The mourners are part of the ducal tomb sculpture of Jean sans Peur, the second Valois Duke of Burgundy (the full list: Philippe le Hardi, Jean sans Peur, Philippe le Bon and Charles le Temeraire – so that’s Philip the Bold, John the Fearless, Philip the Good and Charles the Bold – or more precisely, the Rash). Created by Jean de Marville, Claus Sluter and their workshops as part of the characteristic style of sculpture in the ducal court in the late fourteenth and early fifteenth centuries, both the tomb sculpture of Philip the Bold and John the Fearless include the pleurants. Described by the Director Emeritus of the Metropolitan, Philippe de Montebello: “The mourners of the Dukes of Burgundy, no matter how admirably conceived sculpturally and sensitively carved, were not intended to provide aesthetic pleasure but rather to mourn indefinitely. Their posture and their faces in the shadows of their cowls are designed to convey the pathos of those who were to symbolize an enduring sense of loss at the death of the grand dukes. On the other hand, it is the quality of the execution and the artistry of the figures that ensure that these are successful in their role as mourners in unending wake, a wake that has not sunk into the maw of forgotten history precisely because of that quality.” (from The Mourners: Tomb Sculpture from the Court of Burgundy)

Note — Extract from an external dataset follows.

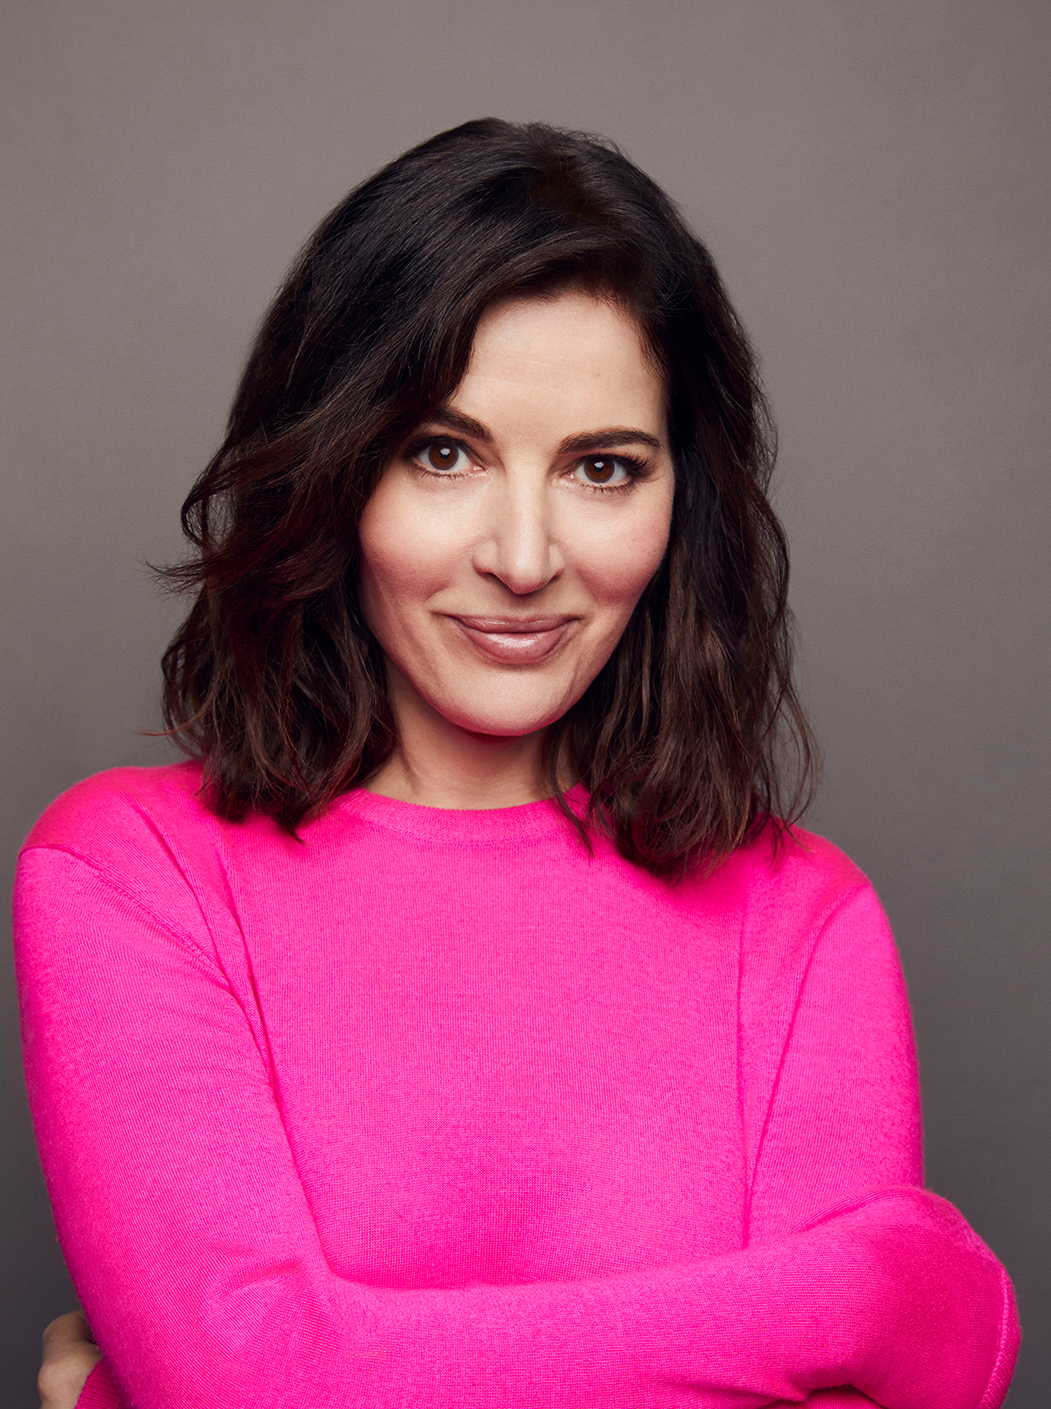 Photograph of Nigella Lawson in a bright pink top, facing the camera and smiling.

When I began to write about the tomb sculptures at the tender age of 19, I was primarily interested in the “modern devotion” of Gerard Groote and the emphasis it put on individuality. Then and now, it was the individuality of the pleurants that I found so striking. Each one is different – their individuality makes their mourning seem sincere: no.51 (the mourners for John are nos. 41-80, where Philip’s sculptures are 1-40), with face hidden in his cowl, raises a cloth-covered hand to wipe away tears ; no. 71, described succinctly as “mourner with cap, eyes lowered”; no. 60, with hands clasped in front of his chest, eyes raised, and face pained. I still remember seeing them in the Musée des Beaux-Arts in Dijon during my study-abroad time there in my junior year, thinking about each one individually, trying to understand the relationship between their individuality and the structures of theology and power of which they were remnants. It was a powerful moment for a junior in college, and re-encountering them, now as a graduate student finishing a dissertation on medieval literature – it was an odd point of contact with both the Burgundian past and my own former self. The pleurants stood in for the mourners on whom they might have been based, who once accompanied the Dukes to their resting place at Champmol – and I stood in for my younger self.

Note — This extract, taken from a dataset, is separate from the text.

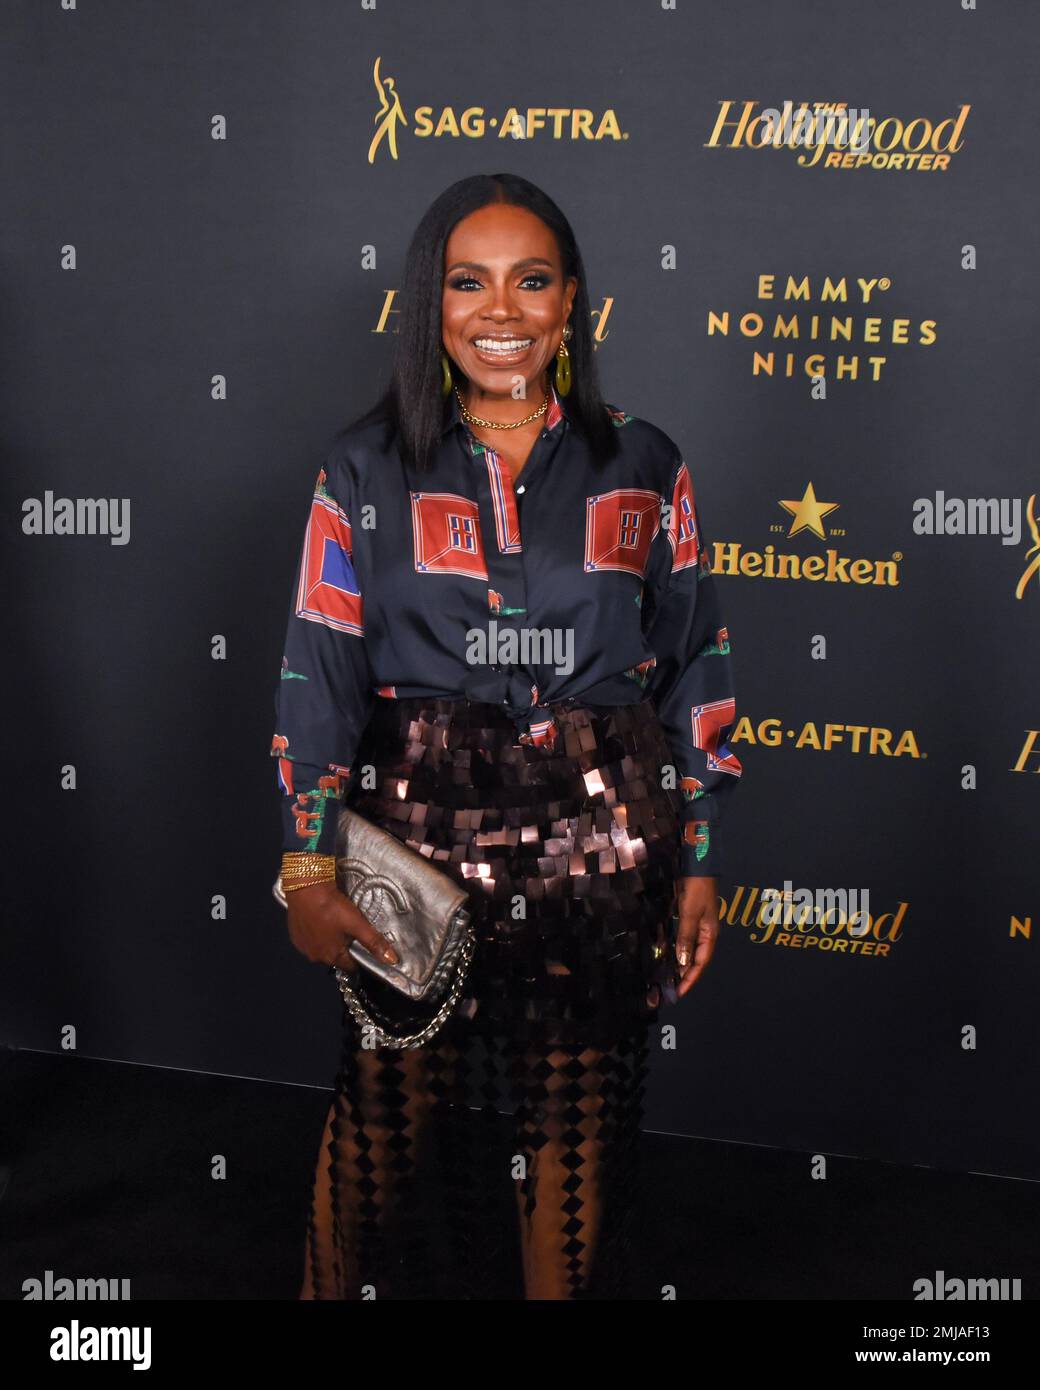 Sheryl Lee Ralph attends The Hollywood Reporter and SAG-AFTRA’s Emmy Nominees Night. Photo: Michael Mattes/michaelmattes.co Stock Photo

What it brought to mind most clearly, however, is the way a single intervention in the life of a student – as simple as Dr. Barefield’s suggestion that, rather than try to determine the historical veracity of Arthur (I was so ambitious back then!), I focus on Burgundian tomb sculpture because of my interest in France and studying abroad in Wake Forest’s Dijon program. Years later, I remember that conversation in his office hours, and the work it generated. What I know now, and could not have known then, is how important those moments with teachers are – the way the suggestion “Miss Hurley – go read Erwin Panofsky on Early Netherlandish Art” shaped my intellectual life for a good three years. I wrote on Claus Sluter’s sculpture, the Golden Age of Burgundy and Jan Van Eyck over the course of my history major, and it all began with that suggestion of a paper topic. And now – especially as I will not be teaching in 2010-2011 – it humbles me to think that one day, a student writing his or her dissertation might remember a conversation with me too.

The Limbourg brothers exihibit is on display until June – the pleurants, however, will be leaving New York on May 23rd. For our New York readers, and anyone with a chance to come by NYC even for a day – I cannot say how worthwhile both exhibits are, and how much you should go see them.

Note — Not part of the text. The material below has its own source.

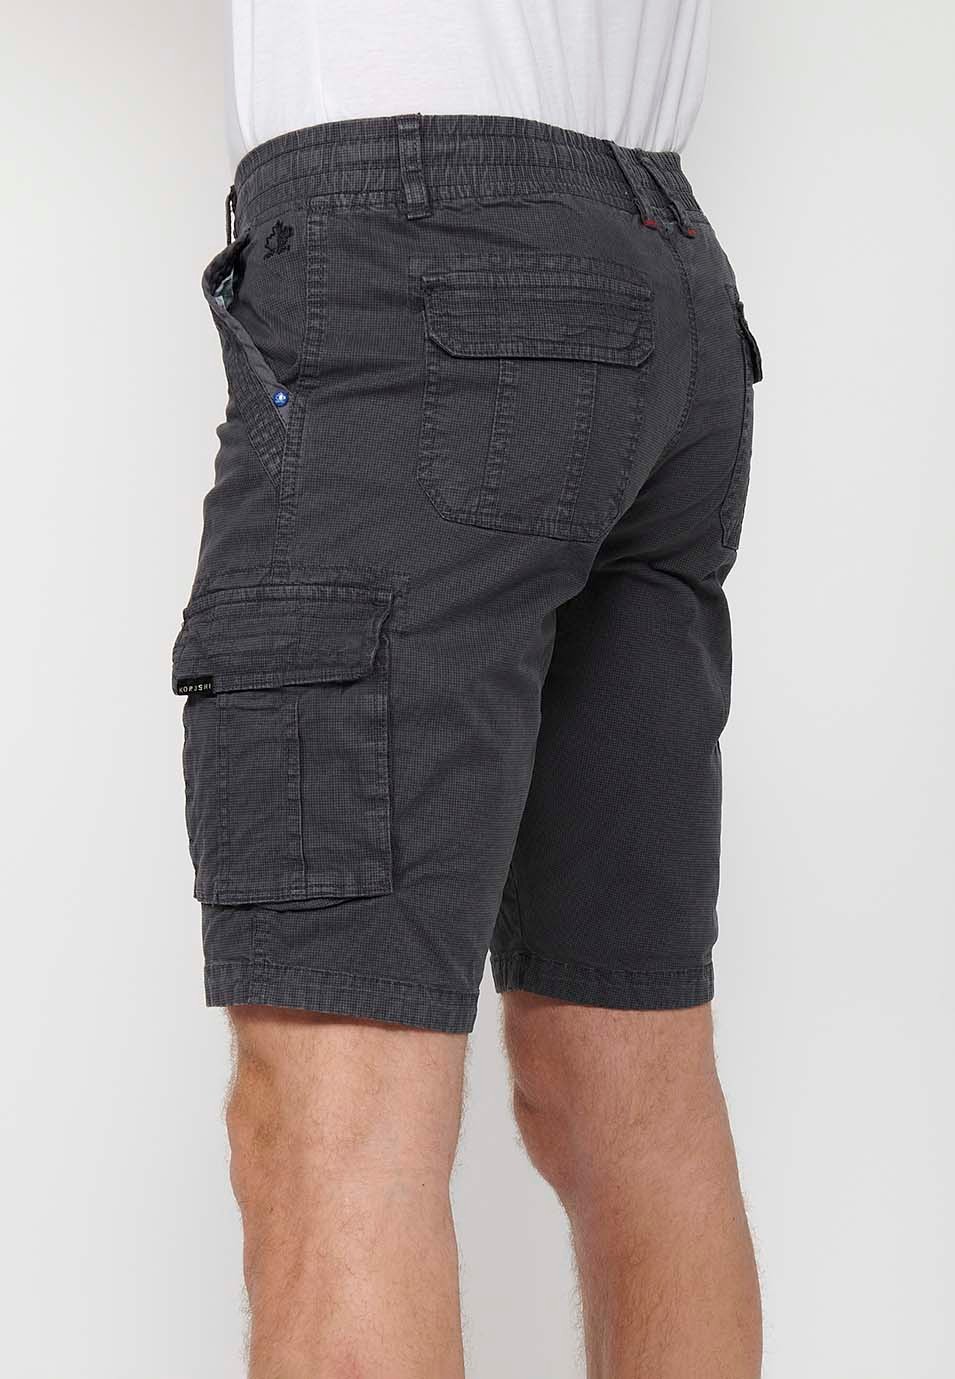 Cargo shorts with front closure with zipper and button and four pockets, two rear pockets with flap with two cargo pockets with flap and adjustable waist with drawstring in Gray for Men 9

B. Coda, or Dissertationtopia

I fear to say “I’m back” – it always seems like a bad idea, a moment of hubris that comes under the historical heading of famous last words. But, despite my misgivings about the phrase, after six months of an MKH-free ITM – I’m back.

One of the things that no-one tells you about dissertations – or maybe I should say that I refused to believe about dissertations – is how isolating they are. Part of that comes from the hours spent in a library, to be sure – living in a carrel lit only by fluorescent bulbs doesn’t do anything for one’s intellectual social life (or one’s other social life, if there could be such a thing!). But the other part – the part I really didn’t expect – is how limited, and limiting it feels. Don’t get me wrong: I love my dissertation, and my current chapter, on Beowulf, quite a bit, and one of the joys of this past year has been learning how to really craft a sustained academic argument, and make that argument mine as organically as I can. But it seems like the focus born of being on a writing fellowship this year – that beautiful, intense, sustained focus – has an unintended side effect: it makes me nervous about talking to other scholars about anything not related directly to that work. But while that works for sustaining a project, it’s no way to sustain an academic as a human being. And so, by way of a first foray back into thinking about questions larger than the interpretation of that pesky half-line in the last part of Beowulf: I may share more than you, ITM Readers, want to know about that pesky half-line in Beowulf, but I take solace in the ability of the ITM community to draw me out of my shell, and remind me of the larger questions I’m only beginning to learn how to ask.


cross posted at ITM

Read More...

Friday, October 23, 2009

Is there a Methodology in this class?

by Mary Kate Hurley

I was sitting quietly in my library carrel (where I spend approx. 20 hours of every day) when a friend sent me a Gmail chat, asking “Are you going to the talk?” I was feeling a bit tired, and a bit confused – “what talk?” I typed back, thinking that there was very, very little that would get me to leave the library that day. “Stanley Fish!” he answered. “12.30 in 523 Butler. Only Grad Students and Faculty invited.” Since I didn’t have to leave the library to walk downstairs, and it was even on my side of the building, I figured I didn’t have much to lose.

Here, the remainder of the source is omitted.